### [SUPPLIED DATA]
Start of Block
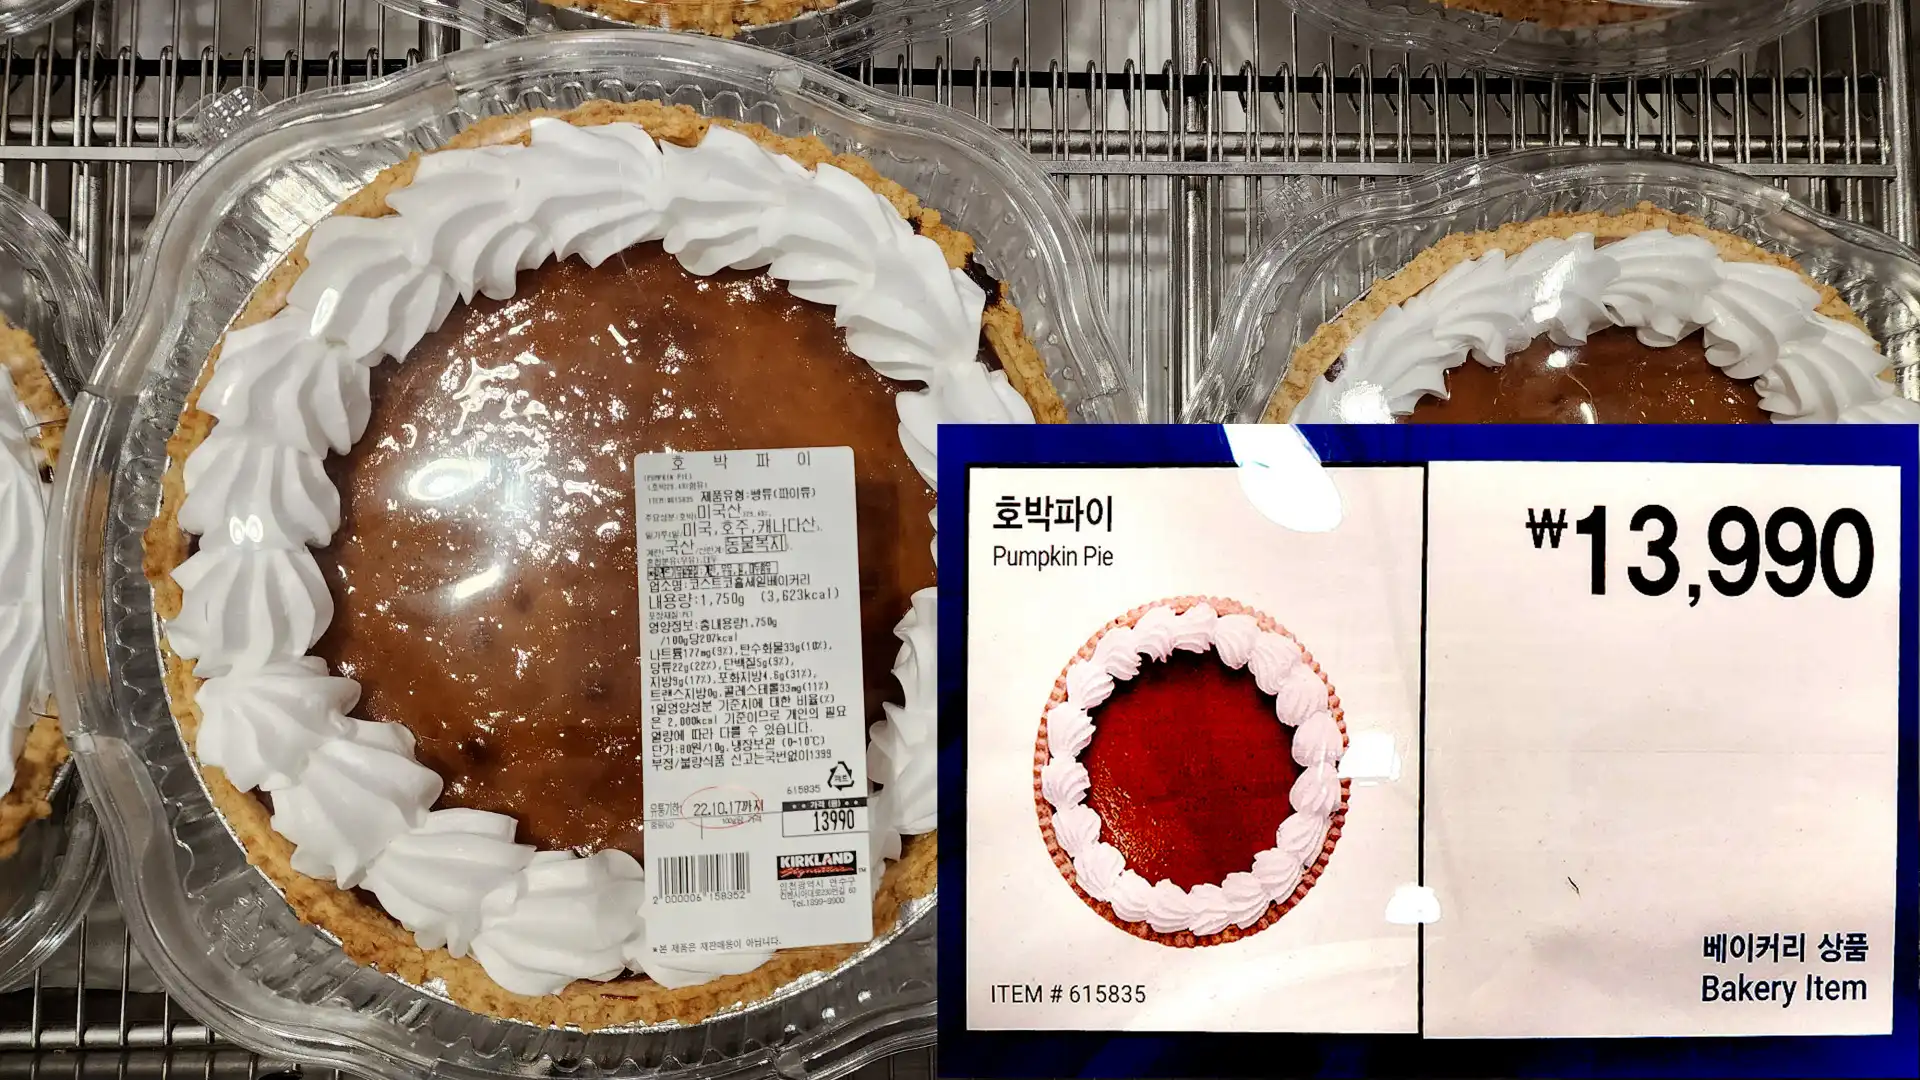 호박파이
Pumpkin Pie
13,990원
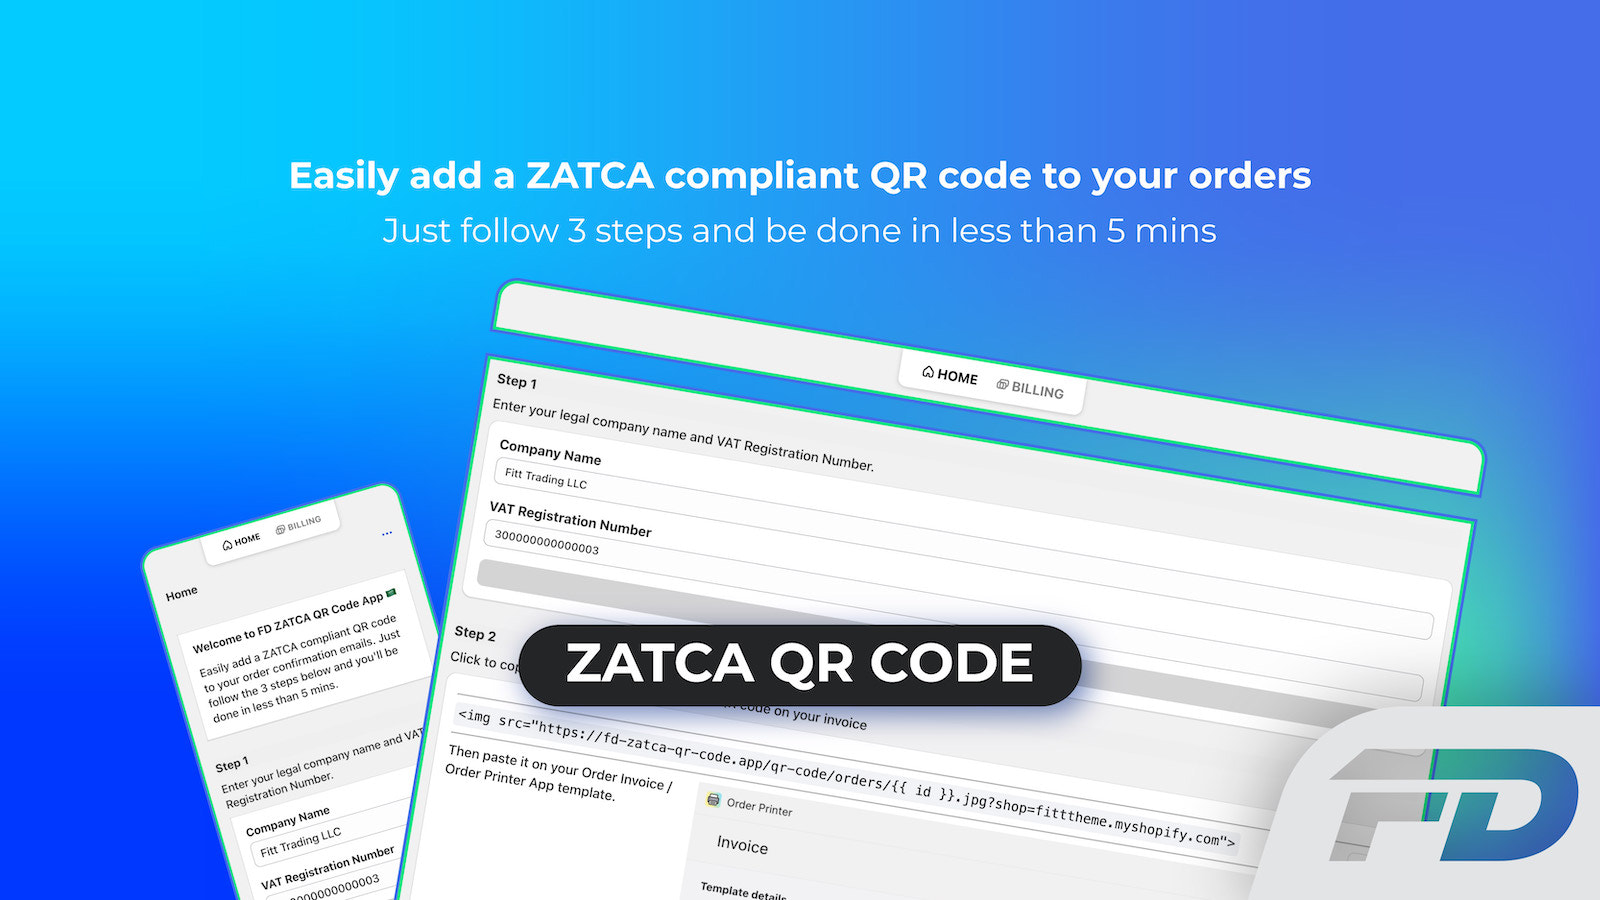 自动为您的订单生成符合ZATCA / Fatoora的QR码
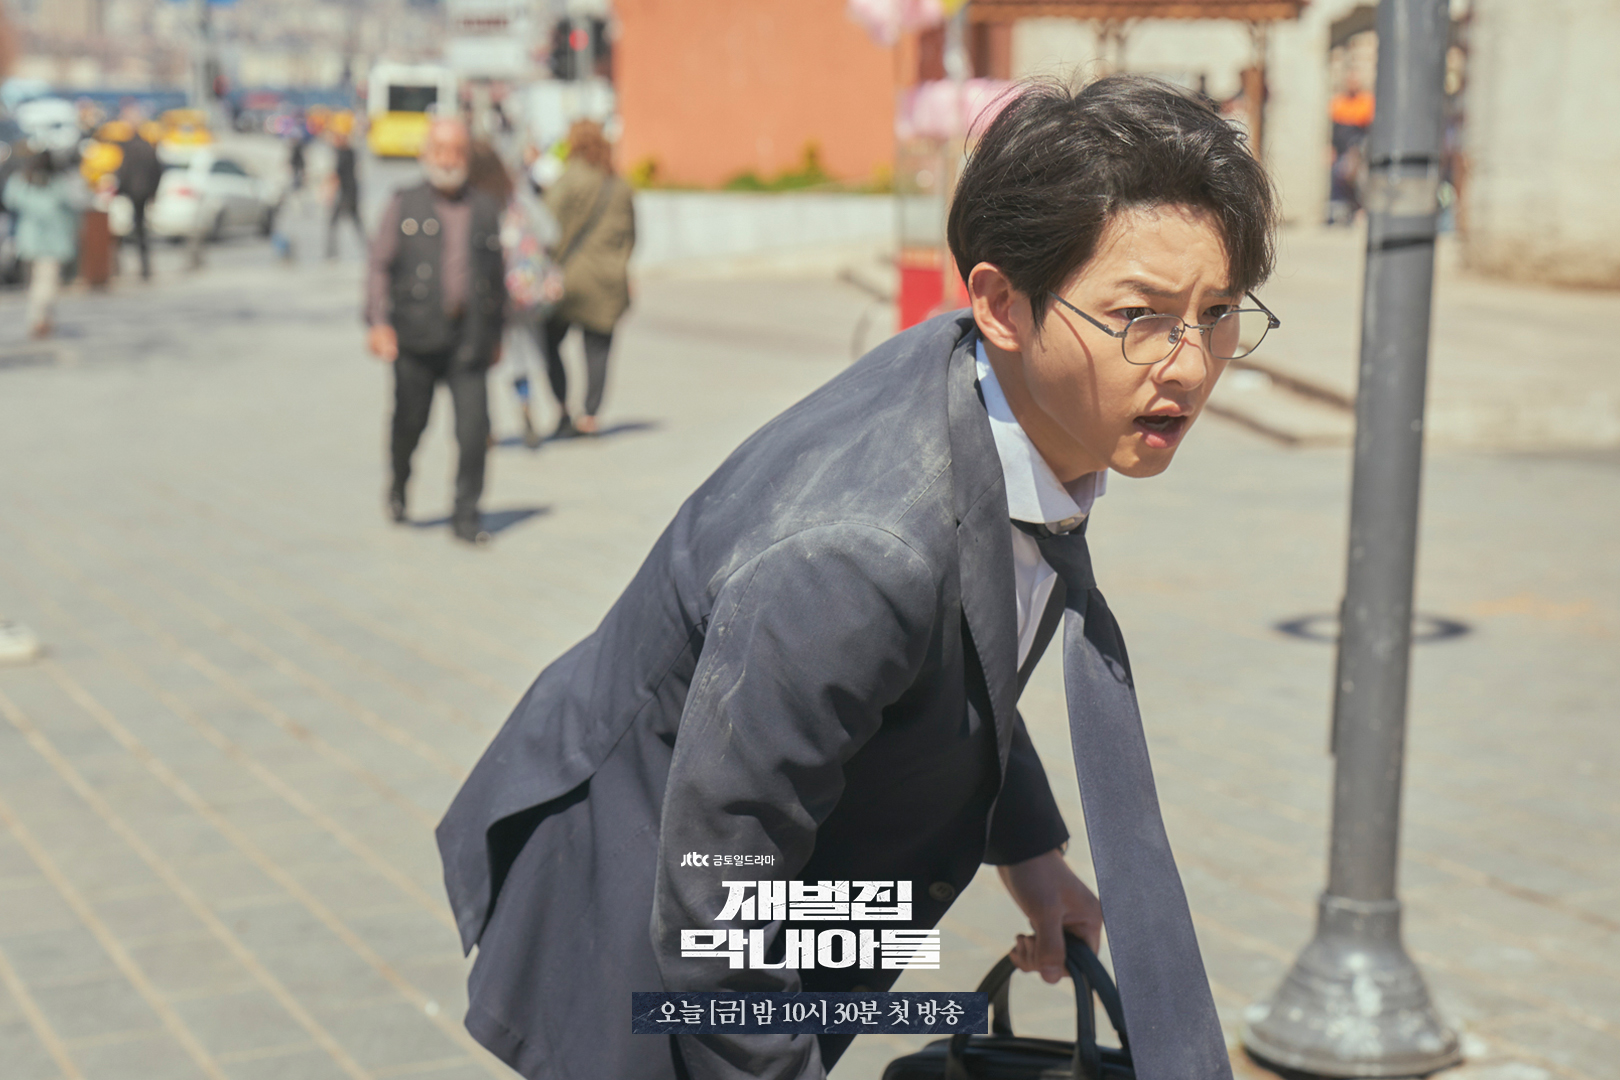 Đối thủ của Song Joong Ki trong Cậu Út Nhà Tài Phiệt: Tưởng ai xa lạ nào ngờ toàn người ở sát cạnh bên - Ảnh 1.
End of Block
Output all of the listing above, exactly as given, but without its pictures.

### [RESPONSE AREA]
 호박파이
Pumpkin Pie
13,990원
 自动为您的订单生成符合ZATCA / Fatoora的QR码
 Đối thủ của Song Joong Ki trong Cậu Út Nhà Tài Phiệt: Tưởng ai xa lạ nào ngờ toàn người ở sát cạnh bên - Ảnh 1.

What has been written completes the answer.